Premarin or no, here's my take on that. While estrogen is known to support frontal lobe function, oral estrogen supplements, and in particular Premarin taken orally, are known to cause some problems even as they may benefit brain function.

Once orally-ingested hormones are absorbed into the bloodstream, they head straight for the liver via the portal circulation. The liver gears up to break these foreign molecules down and, in doing so, produces some unwanted proteins such as angiotensinogen (which can raise blood pressure), C-reactive protein (which causes inflammation), clotting factors (which raise risk of clots and blood vessel inflammation) and triglycerides (which raise risk of heart disease and stroke).

If you haven't had a major clot from Premarin, you are unlikely to get one now unless you have to undergo major surgery such as a knee replacement. You don't have breasts or uterus to worry about cancer risk. But you do have to worry about stroke.

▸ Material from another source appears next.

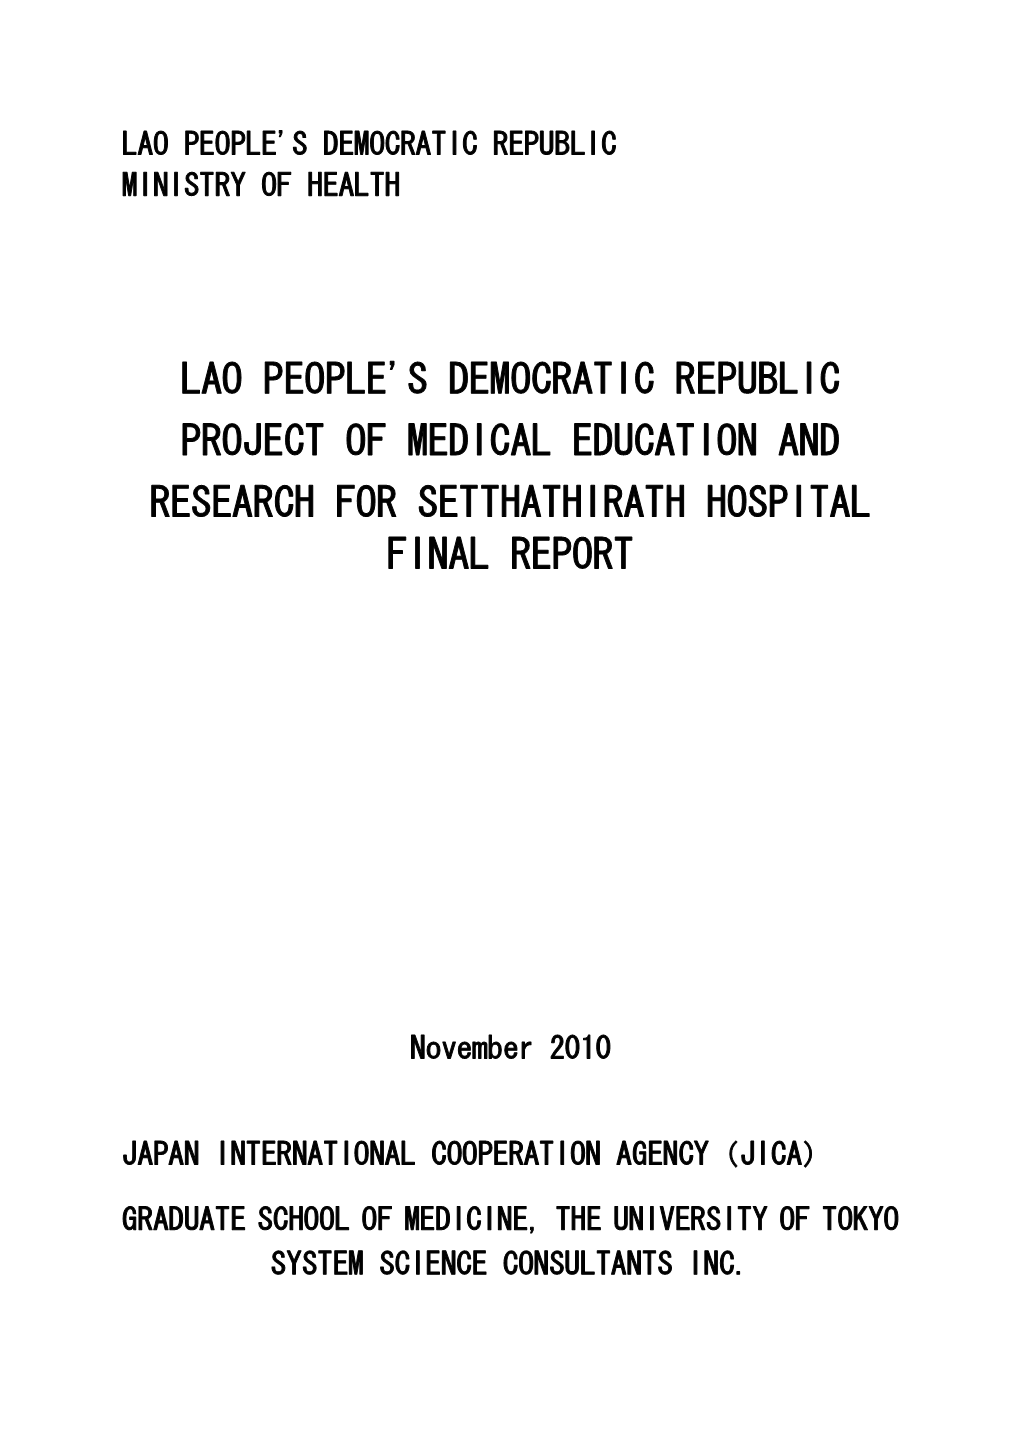 Lao People's Democratic Republic Project of Medical Education and Research for Setthathirath Hospital Final Report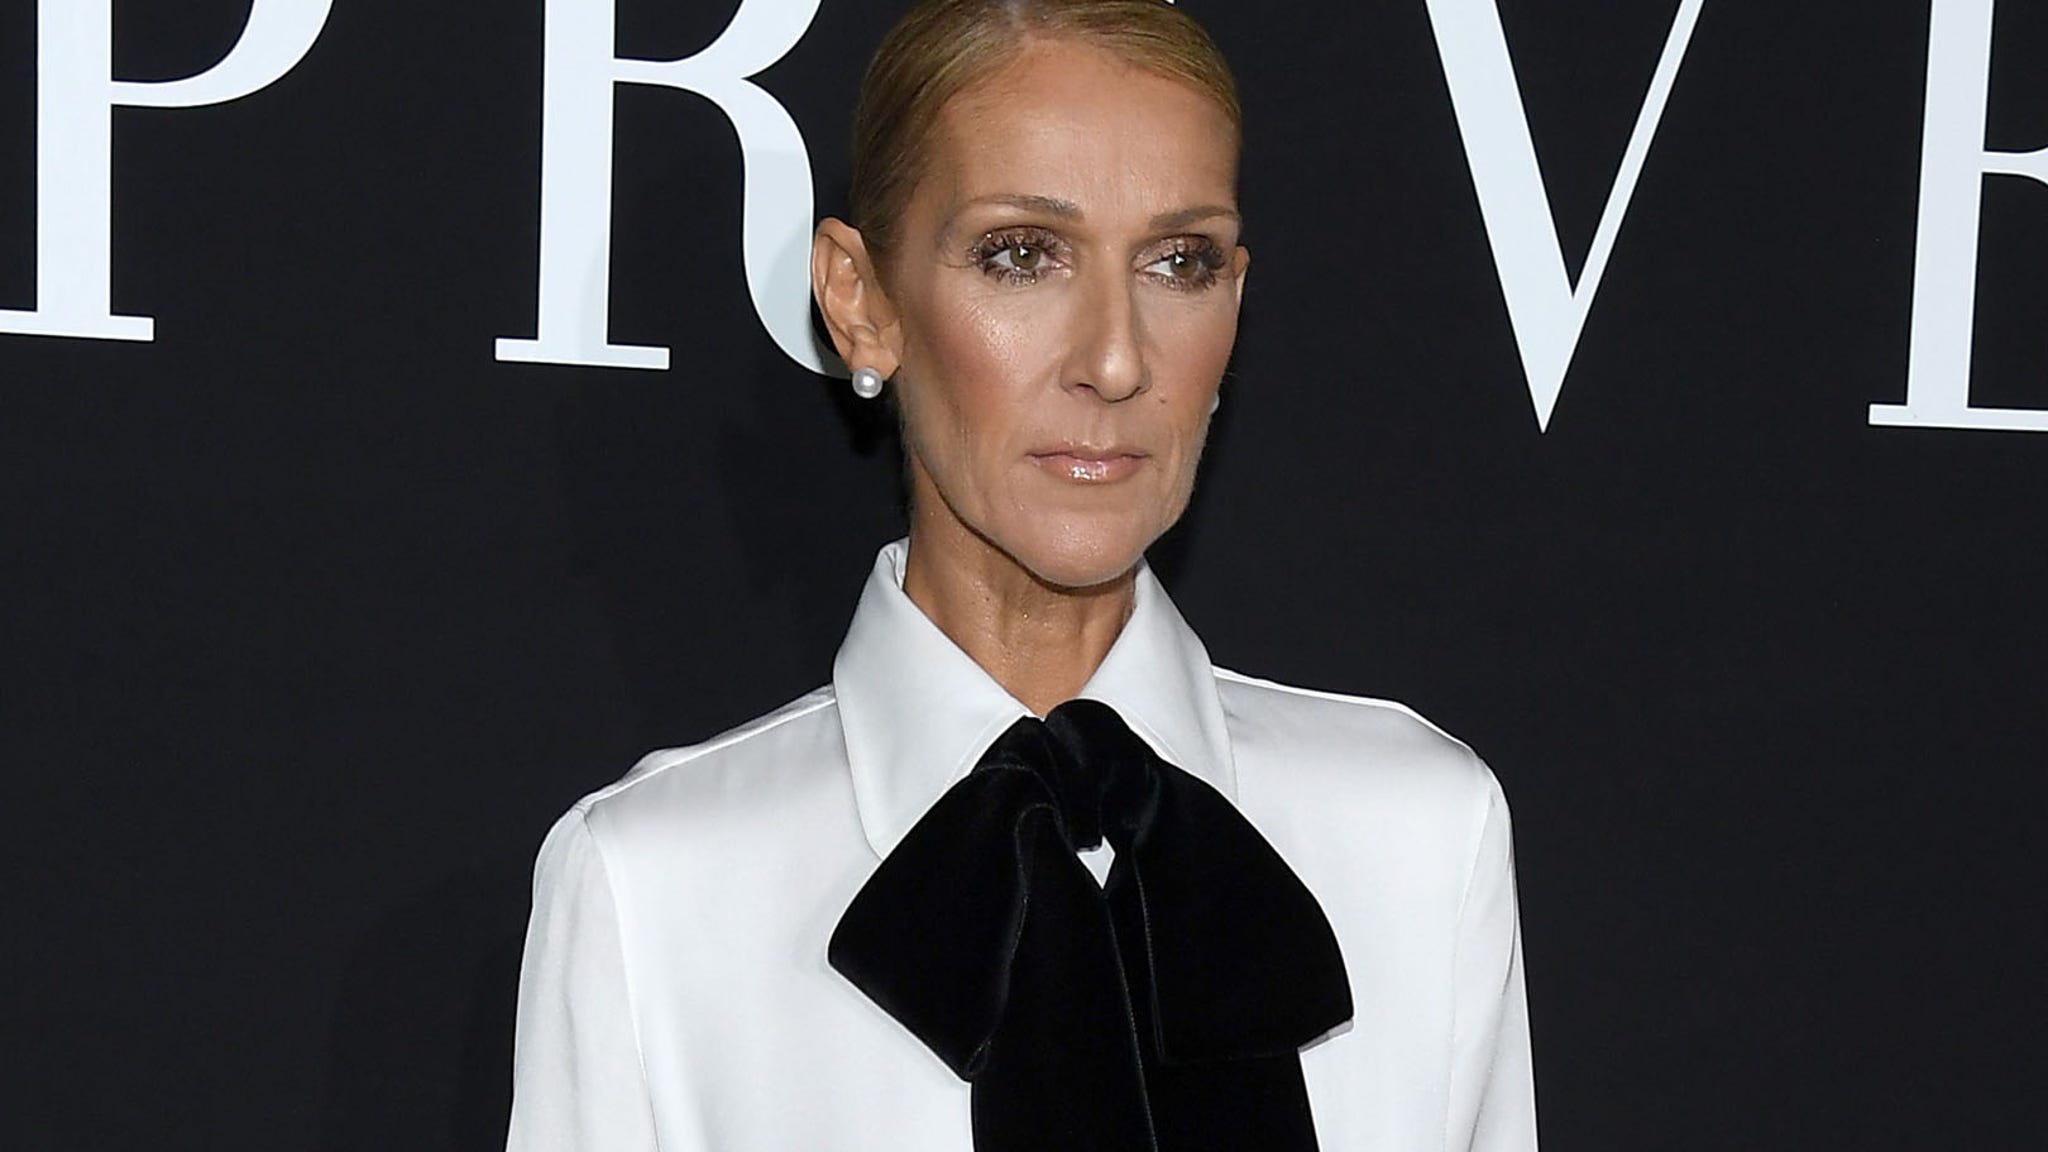 Celine Dion Claps Back at Body Shamers Saying She's Too Thin

I would consider going off Premarin. But...estrogen supports frontal lobe function. You might consider replacing the Premarin with a transdermal estradiol patch such as Vivelle Dot. That way, the estrogen you take is not foreign (like the horse estrogens of Premarin) and it does not go through your liver (causing all the above troubles). It is known that transdermal estrogen does not raise clotting factors, C-reactive protein, or angiotensinogen. It has not been studied whether or not transdermal estrogen increases risk of stroke the way oral estrogen does, but logically it should not.

The only vague part of my information is whether or not you should change hormone delivery systems or go off it altogether. That is a weighted decision best made by yourself and your doctor.